3 O ENUNCIADO 219 DA III JORNADA DE DIREITO CIVIL DO CONSELHO DA 
JUSTIÇA FEDERAL 
 
 Antes de adentrar ao conteúdo do referido enunciado, cumpre apresentar a 
entidade da qual se oriunda tal elemento interpretativo. 
 Conforme traz o art. 105, Parágrafo único, II da Constituição Federal, o 
Conselho da Justiça Federal é um órgão central que realiza a supervisão 
administrativa e orçamentária das atividades sistêmicas da Justiça Federal, sendo 
que suas decisões possuem caráter vinculante perante todas as unidades de 
primeiro e segundo graus da Justiça Federal. (BRASIL, 1988) 

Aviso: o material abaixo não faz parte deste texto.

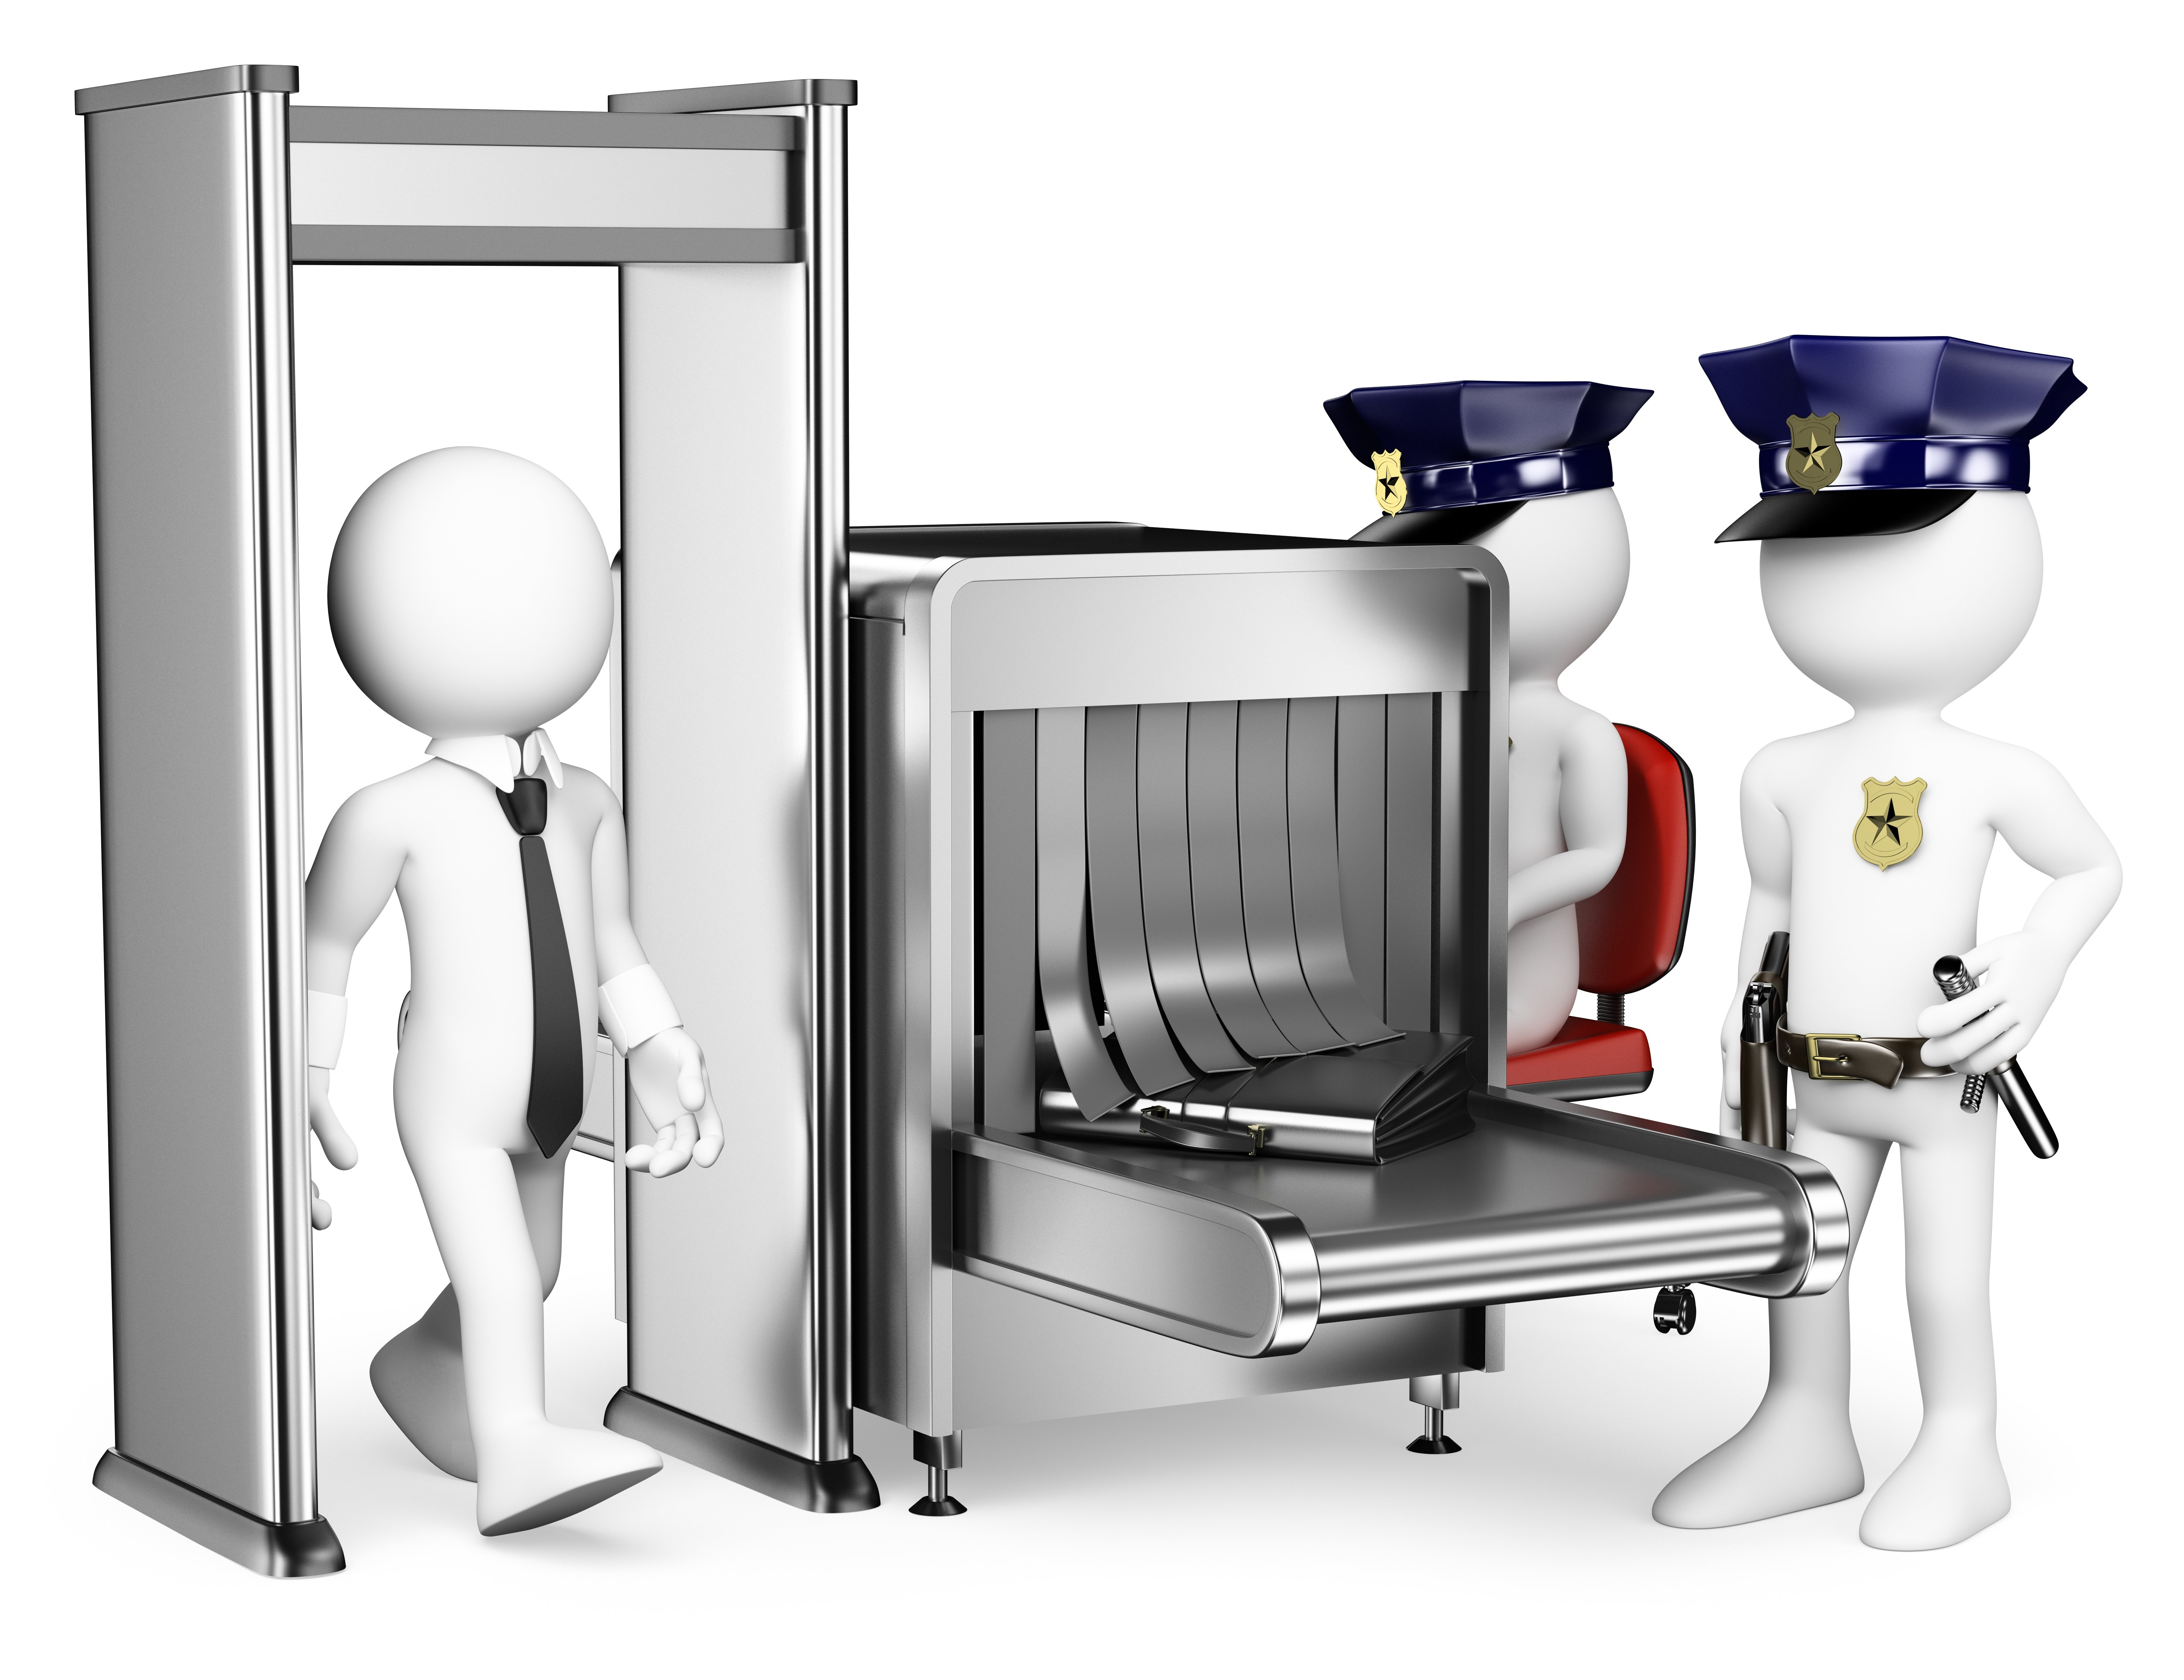 securityline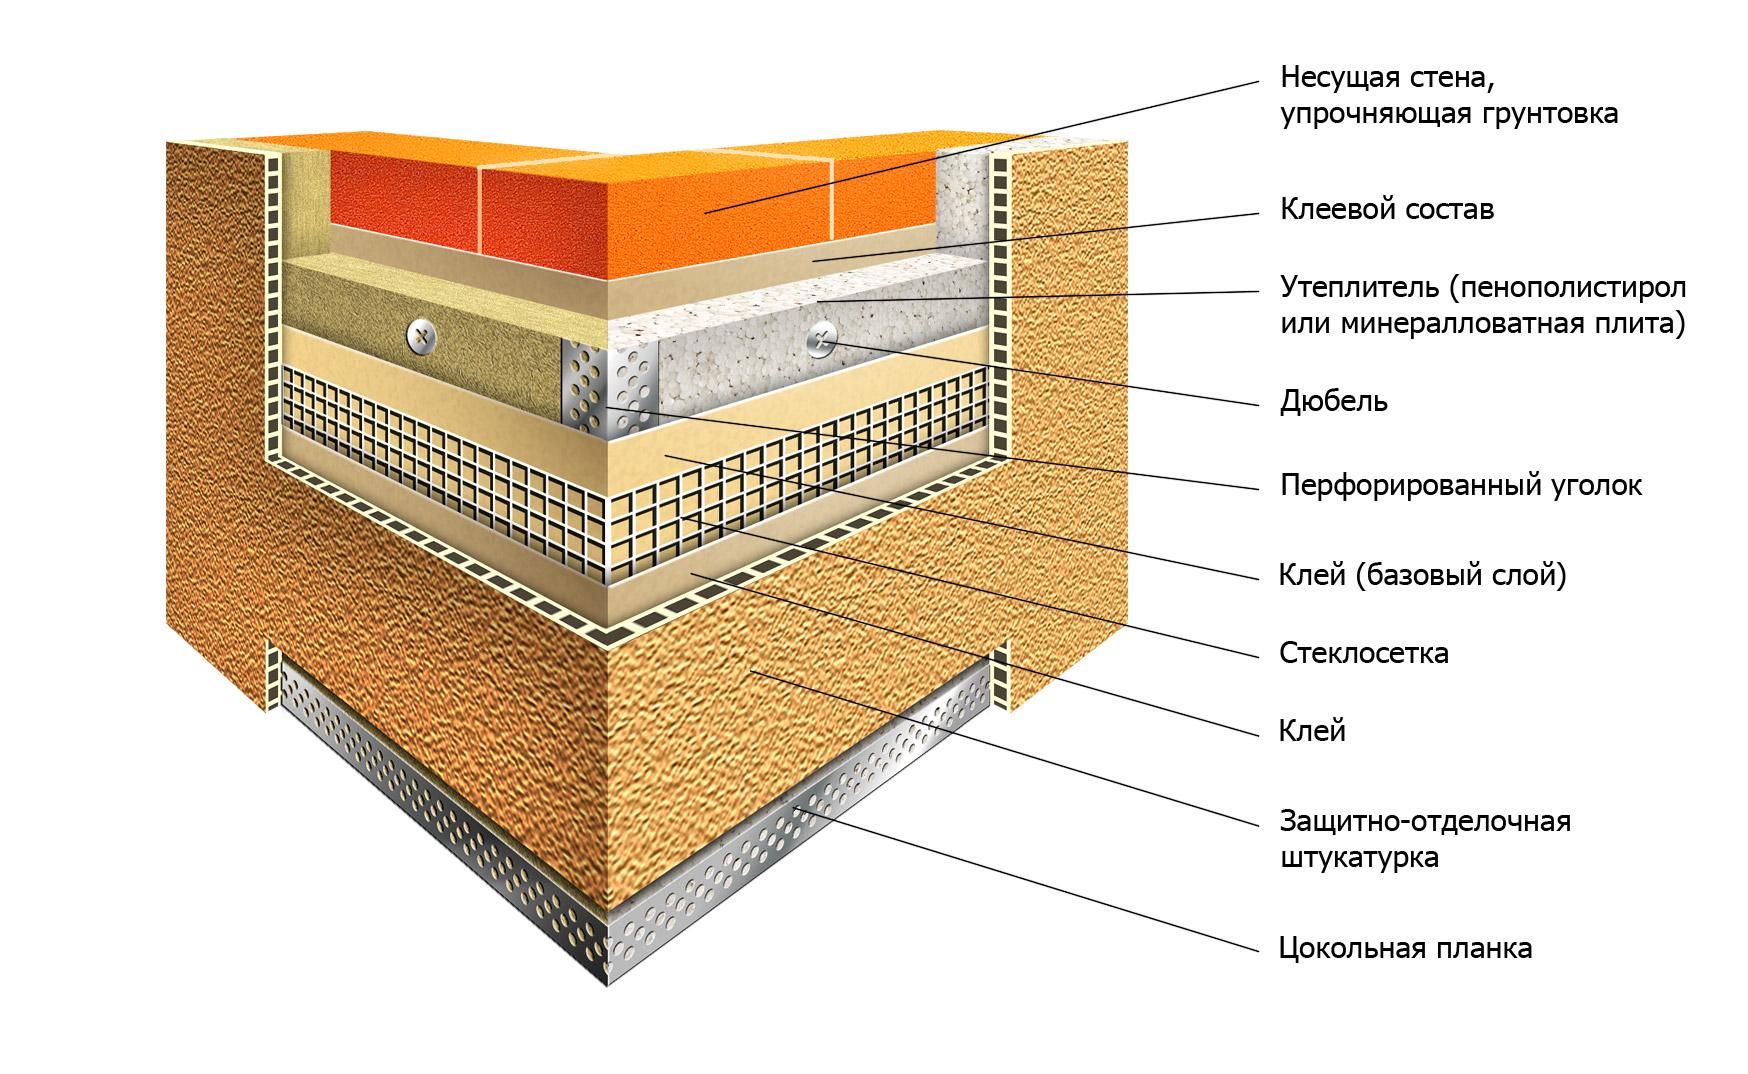 Фото: Схема утепления и дальнейшей отделки

 Integram a estrutura do Conselho a Corregedoria-Geral da Justiça Federal, o 
Centro de Estudos Judiciários e a TurmaNacional de Uniformização dos Juizados 
Especiais Federais. A sua formação colegiada se dá pelo presidente e vice-
presidente do Superior Tribunal de Justiça, além de três ministros do referido tribunal 
e pelos presidentes dos cinco tribunais regionais federais do país. (CONSELHO DA 
JUSTIÇA FEDERAL, acesso em 2017) 
 Conforme se extrai da apresentação do memorial da III Jornada de Direito 
Civil, o Centro de Estudos Judiciários possui, em sua programação, a cada dois 
anos, a realização do encontro nacional de juristas estudantes de Direito Civil, com a 
finalidade de discutir as disposições normativas presentes no Código Civil. O método 
utilizado consiste no recolhimento de proposições articuladas pelos participantes, 
com a devida justificativa, para sua submissão à discussão e votação nas comissões 
temáticas, quais sejam: Parte Geral, e Direito das Coisas, Direitos das Obrigações e 
Responsabilidade Civil, Direito de Empresa e Direito de Família e Sucessões. 
(BRASIL, 2005) 
 Os enunciados produzidos constituem-se em indicativo interpretativo do 
Código Civil, sendo todos vinculados a um artigo do referido diploma legal, e 
significam o entendimento majoritário da comissão respectiva. Importante frisar que 
os enunciados não expressam o entendimento do Superior Tribunal de Justiça. 
(BRASIL, 2005) 
 Deste modo, em 2004 foi realizada Terceira Jornada de Direito Civil, na qual 
foram aprovados 133 novos enunciados de números 138 a 271, considerando que a 
numeração não se reinicia a cada Jornada. Dentre estes, se encontra o Enunciado 
28 
 
nº 219, referente ao art. 1.015 do Código Civil, objeto do presente trabalho, que 
expõe o seguinte (BRASIL, 2005): 
 
Art. 1.015: Está positivada a teoria ultra vires no Direito brasileiro, com as 
seguintes ressalvas: (a) o ato ultra vires não produz efeito apenas em 
relação à sociedade; (b) sem embargo, a sociedade poderá, por meio de 
seu órgão deliberativo, ratificá-lo; (c) o Código Civil amenizou o rigor da 
teoria ultra vires, admitindo os poderes implícitos dos administradores para 
realizar negócios acessórios ou conexos ao objeto social, os quais não 
constituem operações evidentemente estranhas aos negócios da sociedade; 
(d) não se aplica o art. 1.015 às sociedades por ações, em virtude da 
existência de regra especial de responsabilidade dos administradores (art. 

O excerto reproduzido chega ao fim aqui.